Sixten niechętnie sporządził traktat pokojowy, stawiając Białym niezwykle twarde warunki: że po otrzymaniu tygodniówki na drobne wydatki połowy mają się zrzec na zakup mieszanki grylażowej dla Czerwonych oraz że przy spotkaniu na ulicy któregokolwiek z Czerwonych Biały musi trzykrotnie skłonić się głęboko i powiedzieć: „Wiem, że niegodzien jestem chodzić po ziemi, po której ty stąpasz, panie”.

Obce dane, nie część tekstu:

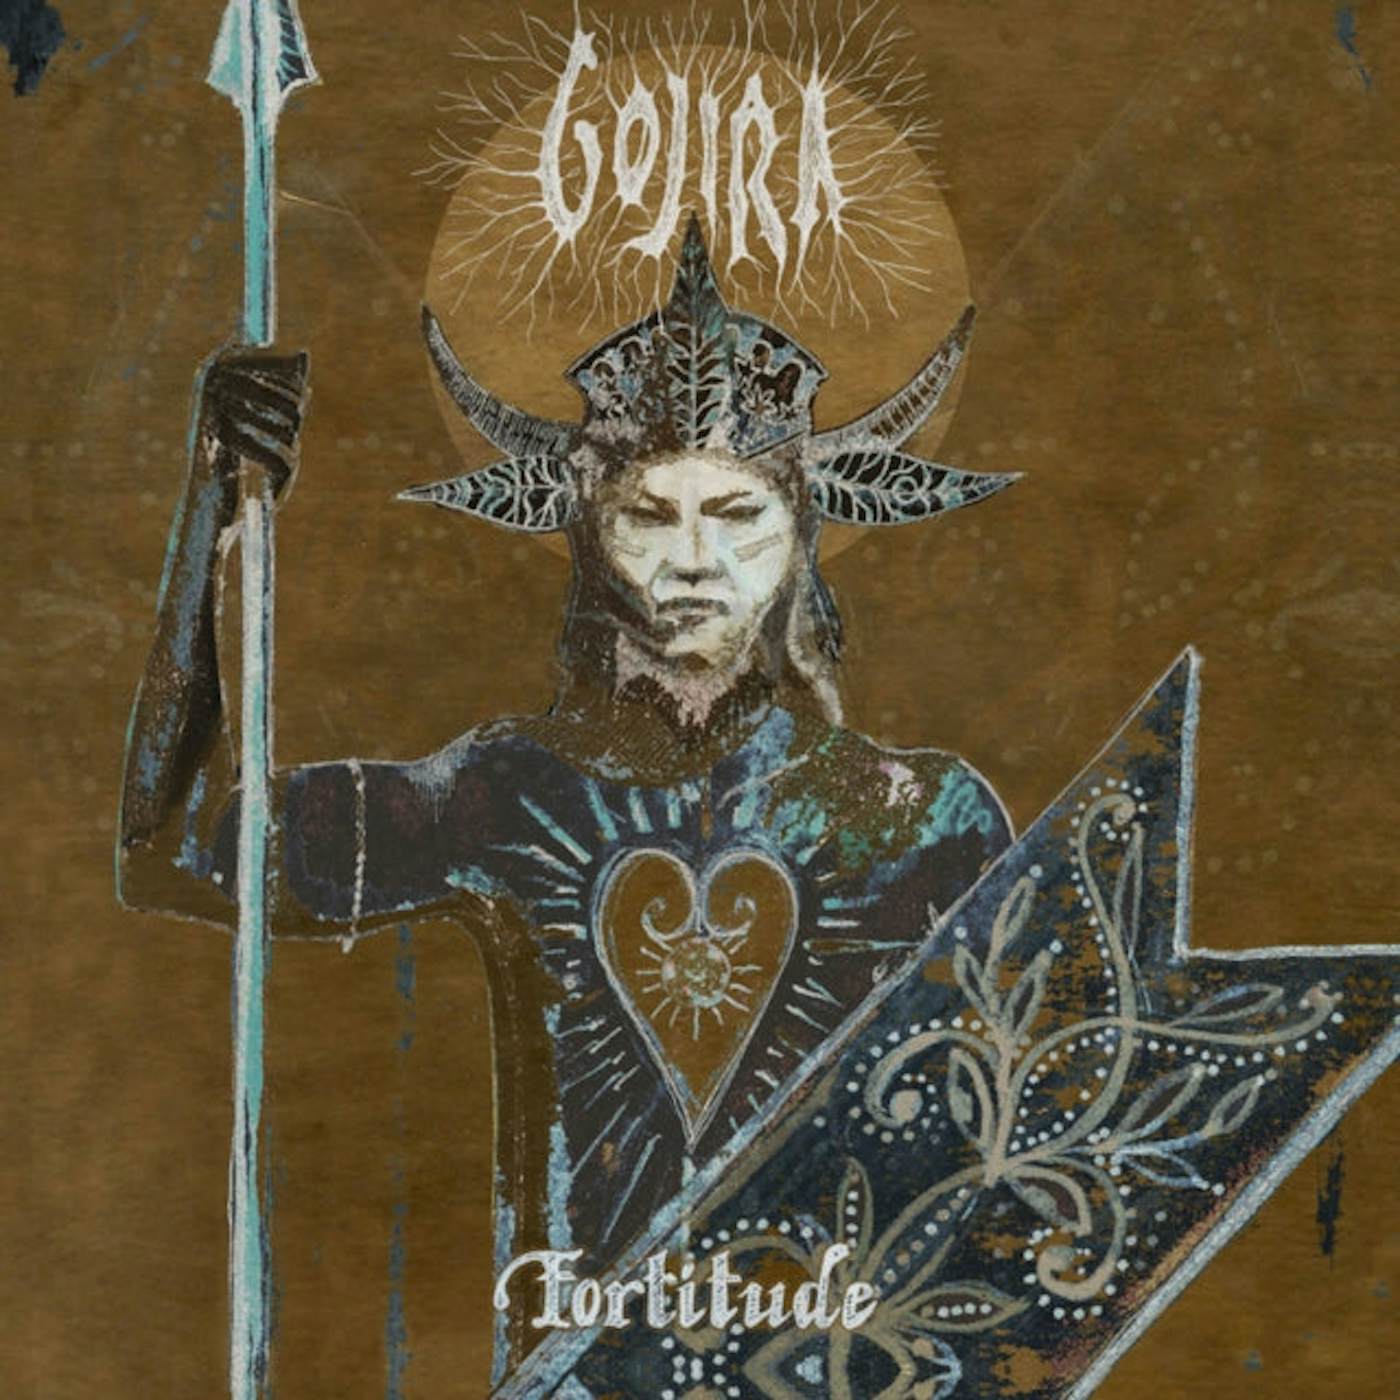 Gojira LP Vinyl Record - Fortitude
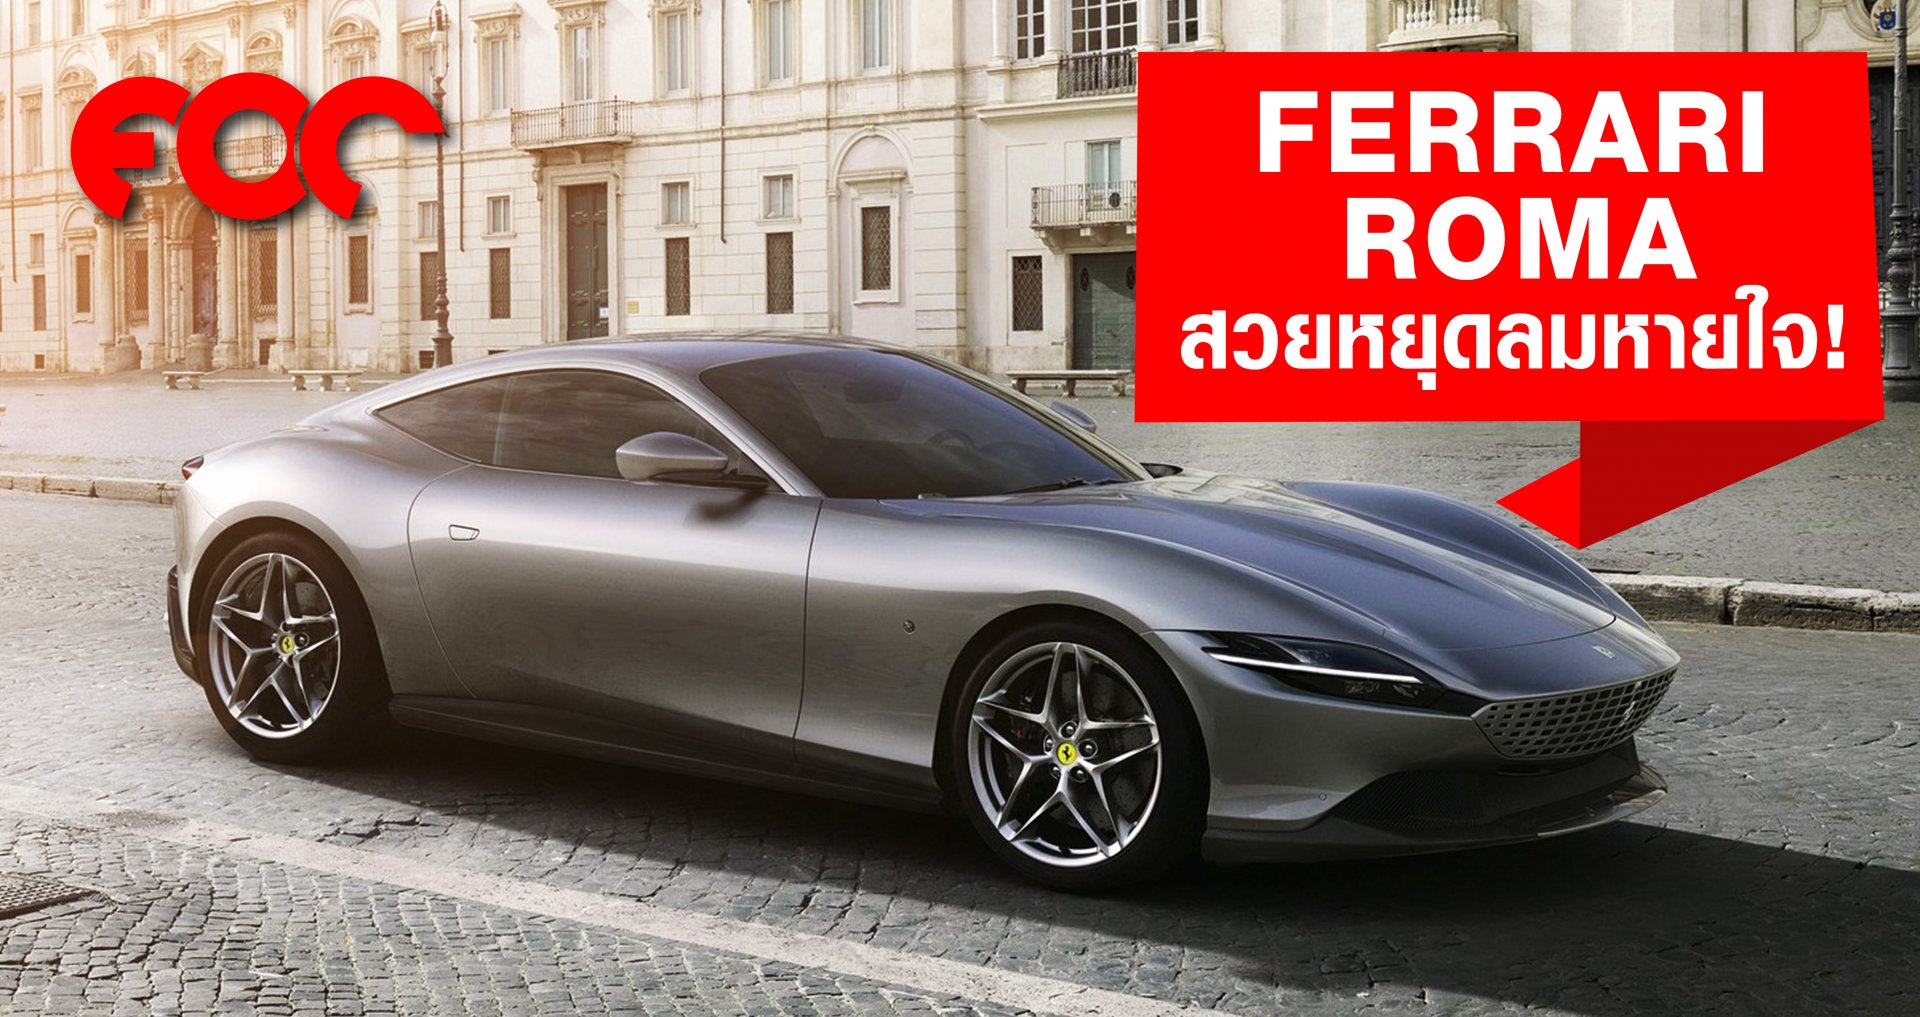 Ferrari Roma สวยหยุดลมหายใจ!

Ewa-Lotta podpisała traktat w imieniu Białych Róż, uroczyście uścisnęła rękę wodza Czerwonych i pobiegła z powrotem na strych nad piekarnią. Wpadając w furtkę, nie mogła nie zauważyć, że jeden z „przyjaciół” wujka Einara stoi po przeciwnej stronie ulicy.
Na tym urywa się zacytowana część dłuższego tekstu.